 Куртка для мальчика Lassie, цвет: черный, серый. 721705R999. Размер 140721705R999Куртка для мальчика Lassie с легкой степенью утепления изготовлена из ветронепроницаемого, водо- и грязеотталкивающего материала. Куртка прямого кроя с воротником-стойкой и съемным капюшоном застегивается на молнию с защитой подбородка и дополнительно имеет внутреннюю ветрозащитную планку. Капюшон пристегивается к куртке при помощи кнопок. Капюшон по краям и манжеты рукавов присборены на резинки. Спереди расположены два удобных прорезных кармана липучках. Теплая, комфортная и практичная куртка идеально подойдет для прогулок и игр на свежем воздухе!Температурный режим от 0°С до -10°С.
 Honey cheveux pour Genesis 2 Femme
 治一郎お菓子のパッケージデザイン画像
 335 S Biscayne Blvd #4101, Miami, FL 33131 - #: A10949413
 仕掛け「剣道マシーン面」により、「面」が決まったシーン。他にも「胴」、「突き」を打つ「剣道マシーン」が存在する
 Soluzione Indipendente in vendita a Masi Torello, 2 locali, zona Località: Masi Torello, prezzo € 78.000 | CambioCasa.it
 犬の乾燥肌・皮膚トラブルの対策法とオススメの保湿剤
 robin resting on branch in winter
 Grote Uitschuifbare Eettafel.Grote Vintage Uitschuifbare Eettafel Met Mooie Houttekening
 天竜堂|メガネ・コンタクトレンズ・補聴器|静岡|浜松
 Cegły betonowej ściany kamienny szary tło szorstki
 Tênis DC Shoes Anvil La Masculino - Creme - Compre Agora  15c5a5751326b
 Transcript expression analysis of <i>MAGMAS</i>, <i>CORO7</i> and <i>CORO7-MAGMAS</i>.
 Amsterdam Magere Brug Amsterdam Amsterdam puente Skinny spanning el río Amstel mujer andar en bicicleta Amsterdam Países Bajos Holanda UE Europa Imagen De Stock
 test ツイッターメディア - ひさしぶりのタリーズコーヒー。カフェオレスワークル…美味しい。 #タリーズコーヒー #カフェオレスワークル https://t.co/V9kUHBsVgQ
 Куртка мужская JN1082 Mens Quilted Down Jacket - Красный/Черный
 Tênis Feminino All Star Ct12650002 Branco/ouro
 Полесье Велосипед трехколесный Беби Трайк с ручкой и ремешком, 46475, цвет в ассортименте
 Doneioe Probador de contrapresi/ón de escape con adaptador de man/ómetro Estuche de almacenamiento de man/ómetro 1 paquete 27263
☆ ☆ ☆ ☆
> Task to complete
Print exactly the lines of the records from the one containing "天竜堂|メガネ・コンタクトレンズ・補聴器|静岡|浜松" through the end, and nothing besides them.

> Answer section
 天竜堂|メガネ・コンタクトレンズ・補聴器|静岡|浜松
 Cegły betonowej ściany kamienny szary tło szorstki
 Tênis DC Shoes Anvil La Masculino - Creme - Compre Agora  15c5a5751326b
 Transcript expression analysis of <i>MAGMAS</i>, <i>CORO7</i> and <i>CORO7-MAGMAS</i>.
 Amsterdam Magere Brug Amsterdam Amsterdam puente Skinny spanning el río Amstel mujer andar en bicicleta Amsterdam Países Bajos Holanda UE Europa Imagen De Stock
 test ツイッターメディア - ひさしぶりのタリーズコーヒー。カフェオレスワークル…美味しい。 #タリーズコーヒー #カフェオレスワークル https://t.co/V9kUHBsVgQ
 Куртка мужская JN1082 Mens Quilted Down Jacket - Красный/Черный
 Tênis Feminino All Star Ct12650002 Branco/ouro
 Полесье Велосипед трехколесный Беби Трайк с ручкой и ремешком, 46475, цвет в ассортименте
 Doneioe Probador de contrapresi/ón de escape con adaptador de man/ómetro Estuche de almacenamiento de man/ómetro 1 paquete 27263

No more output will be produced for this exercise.